- Promotional Poster
- Directed by: I. V. Sasi
- Written by: T. Damodaran
- Produced by: Liberty Basheer
- Starring: Mammootty Kiran Kumar Murali Urvashi Geetha
- Cinematography: J. Williams
- Edited by: K. Narayanan
- Music by: Shyam
- Production company: Liberty Productions
- Release date: 26 April 1991;
- Country: India
- Language: Malayalam

= Inspector Balram =

Inspector Balram is a 1991 Malayalam film directed by I. V. Sasi, scripted by T. Damodaran, and starring Mammootty. It is a sequel to the 1986 film Aavanazhi and was followed by a sequel, Balram vs. Taradas, in 2006.

The movie was produced and distributed by Liberty Productions. It was a commercial success and ran for over 240 days at the box office.

==Plot==
Four years after the events of Aavanazhi, Circle Inspector Balram is now married to Seetha. They have a daughter and live a normal life. Seetha is then killed by Sathyaraj's men.
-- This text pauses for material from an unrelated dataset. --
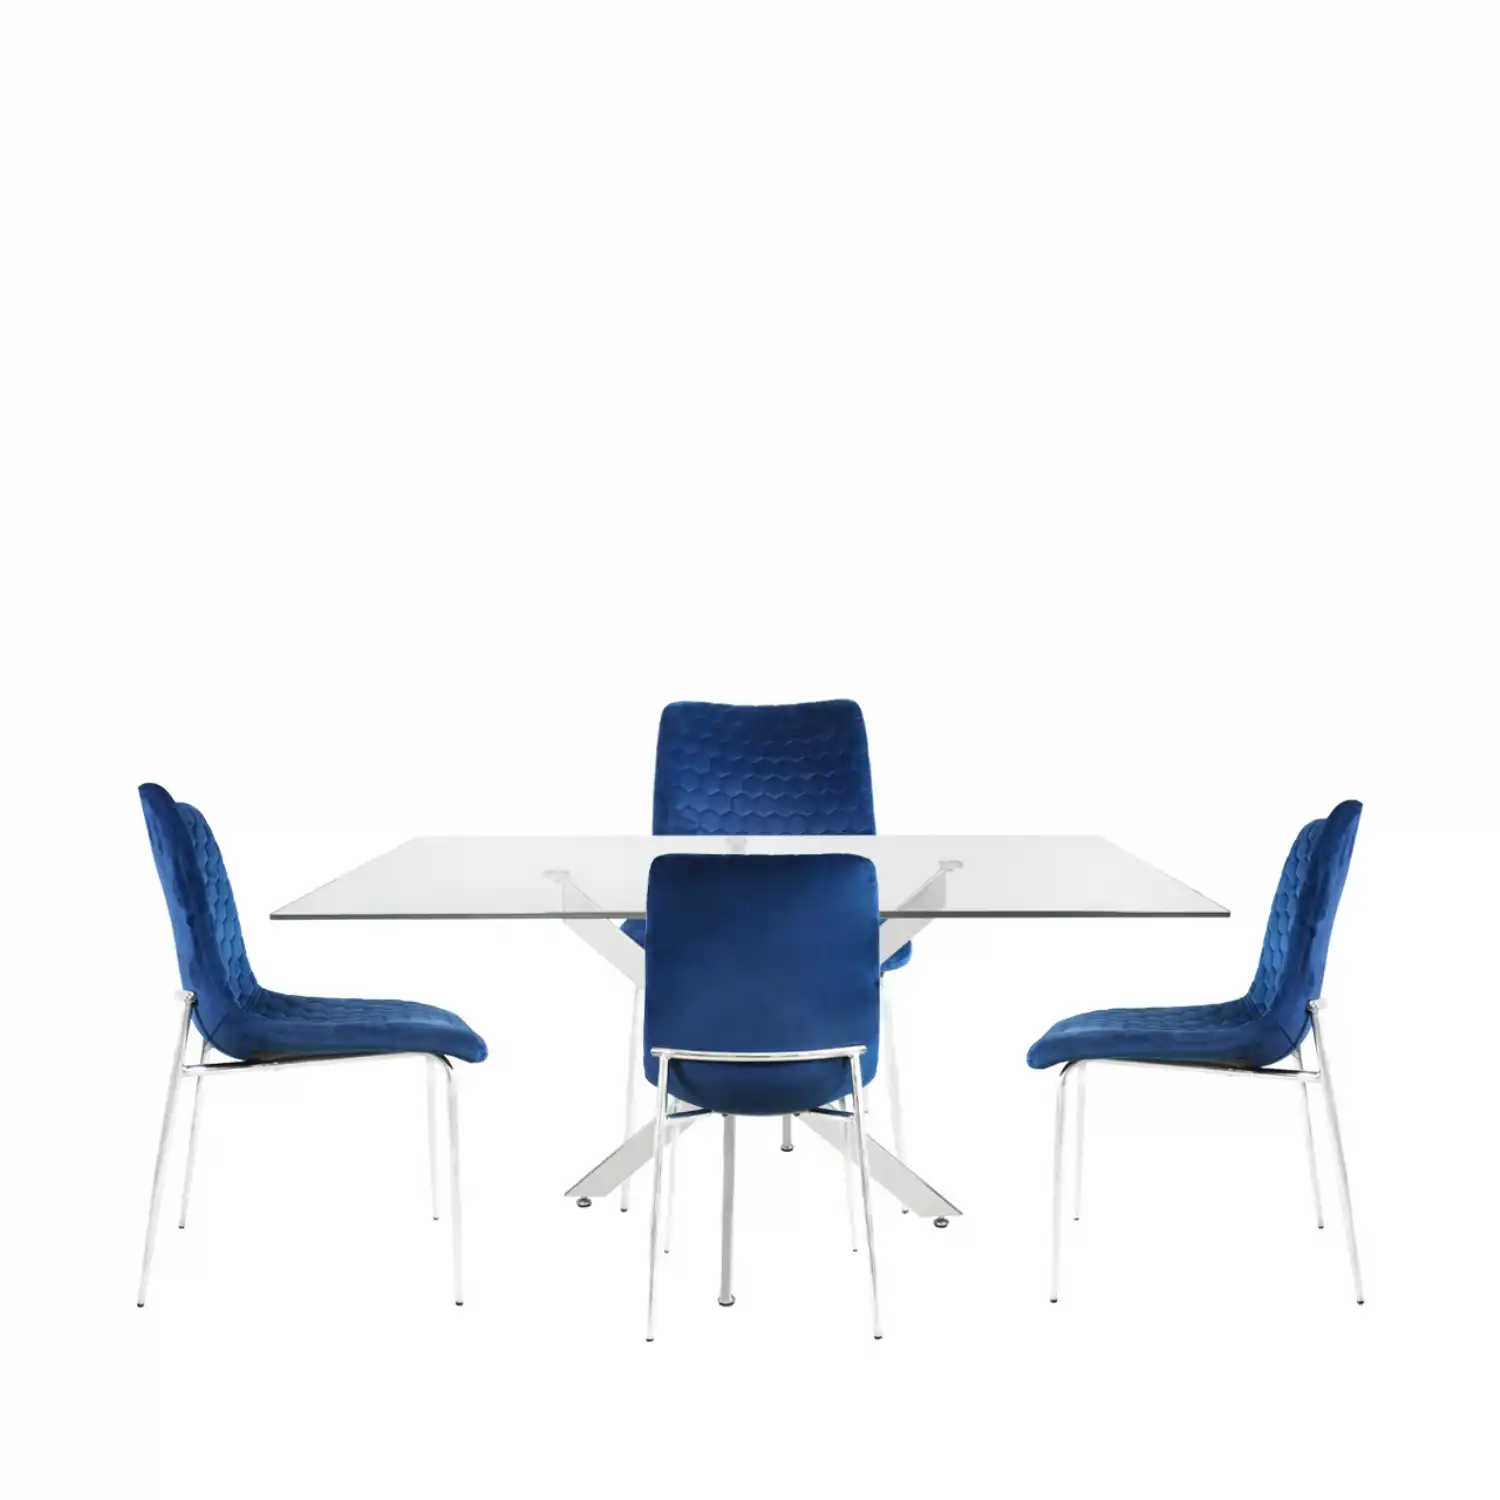 Nova 160cm Rectangular Dining Table And 4 Blue Chairs
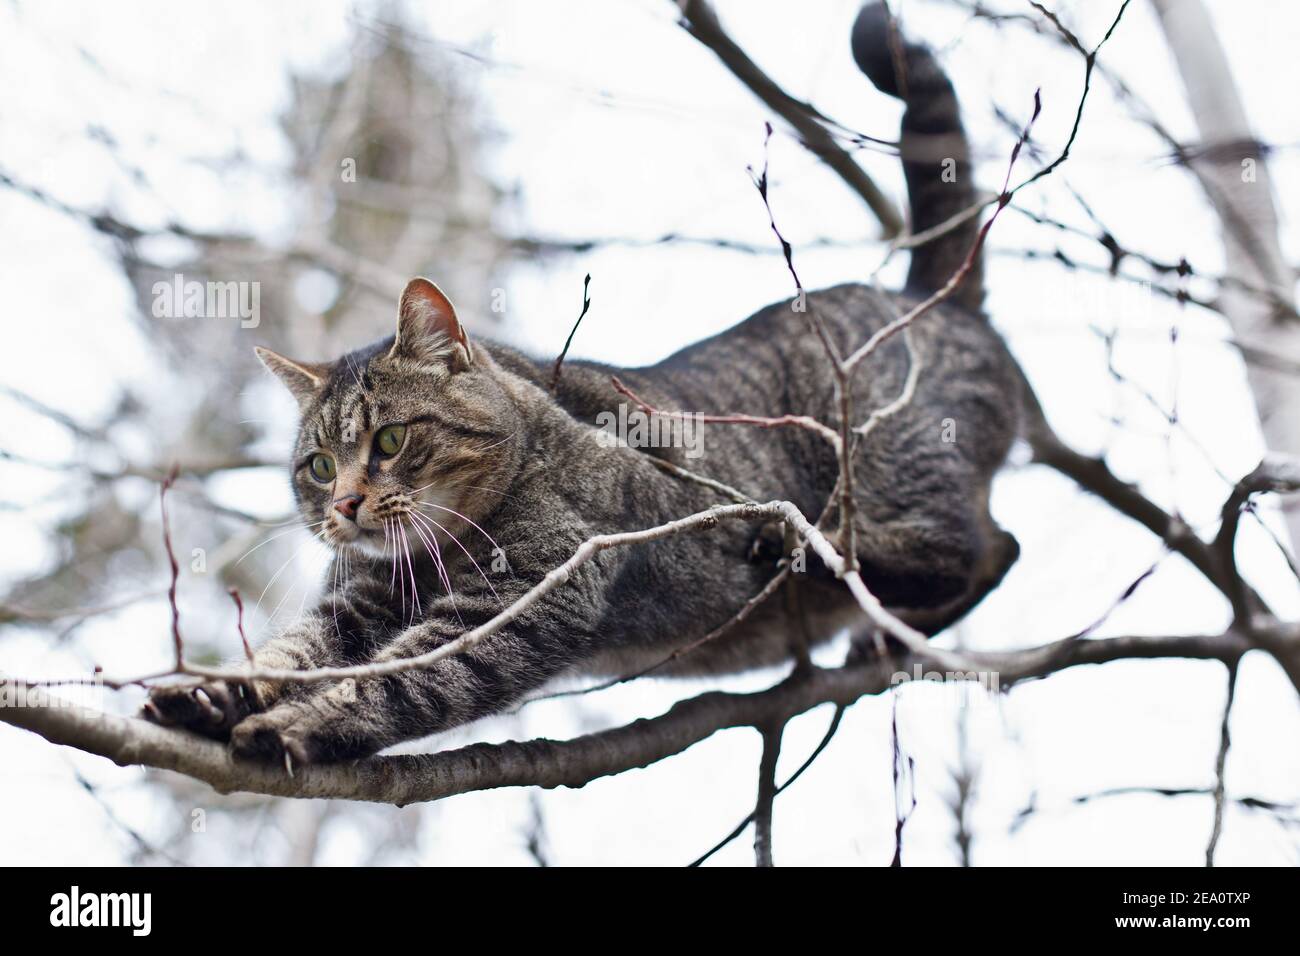 A tomcat balancing on a small branch Stock Photo

Balram sends his daughter to be taken care of by nuns, along with the help of his superior officer, Commissioner Madhavan Nair. Balram faces his enemies, including Indira Shankar and Sayed Mohammad Shah, and Preethi avenges her father's death with the help of Balram.

==Cast==
- Mammootty as Circle Inspector Balram
- Kiran Kumar as Sayed Mohammed Shah
- Murali as City Police Commissioner Madhavan Nair IPS
- Geetha as Seetha
- Manjula Vijayakumar as Indira Shankar
- Urvashi as Preethi Pillai
- Jagadish as Sudhakaran
- M. G. Soman as Sahadevan
- Kalpana as Sub Inspector Dakshayani
- Kundara Johny as DYSP Alex George
- Vincent as Customs Officer Nambiar
- Kunchan as Constable Radhakrishnan aka "Shamshyam" Vasu
- Augustine as Sub Inspector Ummer
- Ramu as Siddique
- Kanakalatha as Madhavan's Wife
- V. K. Sreeraman as Hussain Sahib
- Bheeman Raghu as D'Cruz Pereira
- M. S. Thripunithura as Krishna Pillai
- Ragini as Rajamma
- Kollam Thulasi as Chandrachoodan, Home Minister
- Vineeth Kumar as Jithu

==Box office==
The film was a commercial success, and it attained cult status.

==Additional information==
Some of the challenging shots in action scenes by the late cinematographer J. Williams have received recognition.